Start of Given information

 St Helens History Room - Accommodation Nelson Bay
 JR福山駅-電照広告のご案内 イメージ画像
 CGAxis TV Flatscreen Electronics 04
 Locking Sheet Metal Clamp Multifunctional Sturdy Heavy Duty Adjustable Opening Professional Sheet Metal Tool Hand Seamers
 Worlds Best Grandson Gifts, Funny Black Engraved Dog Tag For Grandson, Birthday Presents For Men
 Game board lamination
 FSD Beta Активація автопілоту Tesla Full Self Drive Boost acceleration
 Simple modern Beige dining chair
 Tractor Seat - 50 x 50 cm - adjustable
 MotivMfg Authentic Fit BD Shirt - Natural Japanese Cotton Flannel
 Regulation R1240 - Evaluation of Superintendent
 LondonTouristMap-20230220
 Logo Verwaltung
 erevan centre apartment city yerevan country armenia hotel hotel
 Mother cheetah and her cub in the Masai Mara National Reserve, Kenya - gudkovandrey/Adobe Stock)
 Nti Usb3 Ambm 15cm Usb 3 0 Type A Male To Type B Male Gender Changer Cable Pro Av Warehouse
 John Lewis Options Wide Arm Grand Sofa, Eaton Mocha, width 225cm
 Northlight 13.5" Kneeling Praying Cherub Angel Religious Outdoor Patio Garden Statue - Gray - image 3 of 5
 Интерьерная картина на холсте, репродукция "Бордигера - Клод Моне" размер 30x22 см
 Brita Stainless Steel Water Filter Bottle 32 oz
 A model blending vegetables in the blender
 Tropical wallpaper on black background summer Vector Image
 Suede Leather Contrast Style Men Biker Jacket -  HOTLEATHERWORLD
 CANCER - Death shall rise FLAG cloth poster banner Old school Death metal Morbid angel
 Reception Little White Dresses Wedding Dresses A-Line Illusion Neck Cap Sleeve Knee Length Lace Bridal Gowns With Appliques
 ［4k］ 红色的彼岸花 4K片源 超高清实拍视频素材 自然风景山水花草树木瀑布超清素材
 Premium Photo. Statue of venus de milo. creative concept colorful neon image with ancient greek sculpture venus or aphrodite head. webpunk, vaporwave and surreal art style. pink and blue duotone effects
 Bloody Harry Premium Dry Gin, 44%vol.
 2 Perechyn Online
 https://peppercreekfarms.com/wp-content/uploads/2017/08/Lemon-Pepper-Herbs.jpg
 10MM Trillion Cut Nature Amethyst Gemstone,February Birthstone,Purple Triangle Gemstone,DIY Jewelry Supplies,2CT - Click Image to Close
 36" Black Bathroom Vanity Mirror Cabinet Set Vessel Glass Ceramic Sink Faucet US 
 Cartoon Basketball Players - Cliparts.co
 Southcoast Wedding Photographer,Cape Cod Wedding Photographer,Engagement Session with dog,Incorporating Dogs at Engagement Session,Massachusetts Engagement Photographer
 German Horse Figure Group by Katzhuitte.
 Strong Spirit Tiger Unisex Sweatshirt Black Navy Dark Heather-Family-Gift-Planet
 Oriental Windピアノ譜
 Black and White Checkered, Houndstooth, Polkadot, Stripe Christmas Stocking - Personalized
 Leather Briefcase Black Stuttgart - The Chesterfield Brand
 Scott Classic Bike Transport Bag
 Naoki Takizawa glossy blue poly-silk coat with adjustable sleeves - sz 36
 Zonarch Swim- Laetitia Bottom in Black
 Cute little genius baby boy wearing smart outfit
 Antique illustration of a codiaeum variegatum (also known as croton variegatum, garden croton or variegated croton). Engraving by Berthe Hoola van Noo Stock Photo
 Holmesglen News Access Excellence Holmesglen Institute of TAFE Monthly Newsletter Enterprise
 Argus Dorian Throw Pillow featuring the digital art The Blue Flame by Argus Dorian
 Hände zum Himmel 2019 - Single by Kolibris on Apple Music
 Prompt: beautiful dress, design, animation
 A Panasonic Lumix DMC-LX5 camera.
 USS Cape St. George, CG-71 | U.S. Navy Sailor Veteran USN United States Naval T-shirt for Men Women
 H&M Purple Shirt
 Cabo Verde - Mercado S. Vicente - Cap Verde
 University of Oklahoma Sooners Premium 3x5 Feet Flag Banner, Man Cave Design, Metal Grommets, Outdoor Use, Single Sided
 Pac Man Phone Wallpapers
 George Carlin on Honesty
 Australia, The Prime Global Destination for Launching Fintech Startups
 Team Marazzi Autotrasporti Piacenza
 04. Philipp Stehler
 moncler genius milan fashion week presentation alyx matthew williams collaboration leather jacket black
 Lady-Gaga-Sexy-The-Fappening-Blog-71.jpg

End of Given information

> _Task details_
Give the records again, unchanged and complete.

> _Task response_
 St Helens History Room - Accommodation Nelson Bay
 JR福山駅-電照広告のご案内 イメージ画像
 CGAxis TV Flatscreen Electronics 04
 Locking Sheet Metal Clamp Multifunctional Sturdy Heavy Duty Adjustable Opening Professional Sheet Metal Tool Hand Seamers
 Worlds Best Grandson Gifts, Funny Black Engraved Dog Tag For Grandson, Birthday Presents For Men
 Game board lamination
 FSD Beta Активація автопілоту Tesla Full Self Drive Boost acceleration
 Simple modern Beige dining chair
 Tractor Seat - 50 x 50 cm - adjustable
 MotivMfg Authentic Fit BD Shirt - Natural Japanese Cotton Flannel
 Regulation R1240 - Evaluation of Superintendent
 LondonTouristMap-20230220
 Logo Verwaltung
 erevan centre apartment city yerevan country armenia hotel hotel
 Mother cheetah and her cub in the Masai Mara National Reserve, Kenya - gudkovandrey/Adobe Stock)
 Nti Usb3 Ambm 15cm Usb 3 0 Type A Male To Type B Male Gender Changer Cable Pro Av Warehouse
 John Lewis Options Wide Arm Grand Sofa, Eaton Mocha, width 225cm
 Northlight 13.5" Kneeling Praying Cherub Angel Religious Outdoor Patio Garden Statue - Gray - image 3 of 5
 Интерьерная картина на холсте, репродукция "Бордигера - Клод Моне" размер 30x22 см
 Brita Stainless Steel Water Filter Bottle 32 oz
 A model blending vegetables in the blender
 Tropical wallpaper on black background summer Vector Image
 Suede Leather Contrast Style Men Biker Jacket -  HOTLEATHERWORLD
 CANCER - Death shall rise FLAG cloth poster banner Old school Death metal Morbid angel
 Reception Little White Dresses Wedding Dresses A-Line Illusion Neck Cap Sleeve Knee Length Lace Bridal Gowns With Appliques
 ［4k］ 红色的彼岸花 4K片源 超高清实拍视频素材 自然风景山水花草树木瀑布超清素材
 Premium Photo. Statue of venus de milo. creative concept colorful neon image with ancient greek sculpture venus or aphrodite head. webpunk, vaporwave and surreal art style. pink and blue duotone effects
 Bloody Harry Premium Dry Gin, 44%vol.
 2 Perechyn Online
 https://peppercreekfarms.com/wp-content/uploads/2017/08/Lemon-Pepper-Herbs.jpg
 10MM Trillion Cut Nature Amethyst Gemstone,February Birthstone,Purple Triangle Gemstone,DIY Jewelry Supplies,2CT - Click Image to Close
 36" Black Bathroom Vanity Mirror Cabinet Set Vessel Glass Ceramic Sink Faucet US 
 Cartoon Basketball Players - Cliparts.co
 Southcoast Wedding Photographer,Cape Cod Wedding Photographer,Engagement Session with dog,Incorporating Dogs at Engagement Session,Massachusetts Engagement Photographer
 German Horse Figure Group by Katzhuitte.
 Strong Spirit Tiger Unisex Sweatshirt Black Navy Dark Heather-Family-Gift-Planet
 Oriental Windピアノ譜
 Black and White Checkered, Houndstooth, Polkadot, Stripe Christmas Stocking - Personalized
 Leather Briefcase Black Stuttgart - The Chesterfield Brand
 Scott Classic Bike Transport Bag
 Naoki Takizawa glossy blue poly-silk coat with adjustable sleeves - sz 36
 Zonarch Swim- Laetitia Bottom in Black
 Cute little genius baby boy wearing smart outfit
 Antique illustration of a codiaeum variegatum (also known as croton variegatum, garden croton or variegated croton). Engraving by Berthe Hoola van Noo Stock Photo
 Holmesglen News Access Excellence Holmesglen Institute of TAFE Monthly Newsletter Enterprise
 Argus Dorian Throw Pillow featuring the digital art The Blue Flame by Argus Dorian
 Hände zum Himmel 2019 - Single by Kolibris on Apple Music
 Prompt: beautiful dress, design, animation
 A Panasonic Lumix DMC-LX5 camera.
 USS Cape St. George, CG-71 | U.S. Navy Sailor Veteran USN United States Naval T-shirt for Men Women
 H&M Purple Shirt
 Cabo Verde - Mercado S. Vicente - Cap Verde
 University of Oklahoma Sooners Premium 3x5 Feet Flag Banner, Man Cave Design, Metal Grommets, Outdoor Use, Single Sided
 Pac Man Phone Wallpapers
 George Carlin on Honesty
 Australia, The Prime Global Destination for Launching Fintech Startups
 Team Marazzi Autotrasporti Piacenza
 04. Philipp Stehler
 moncler genius milan fashion week presentation alyx matthew williams collaboration leather jacket black
 Lady-Gaga-Sexy-The-Fappening-Blog-71.jpg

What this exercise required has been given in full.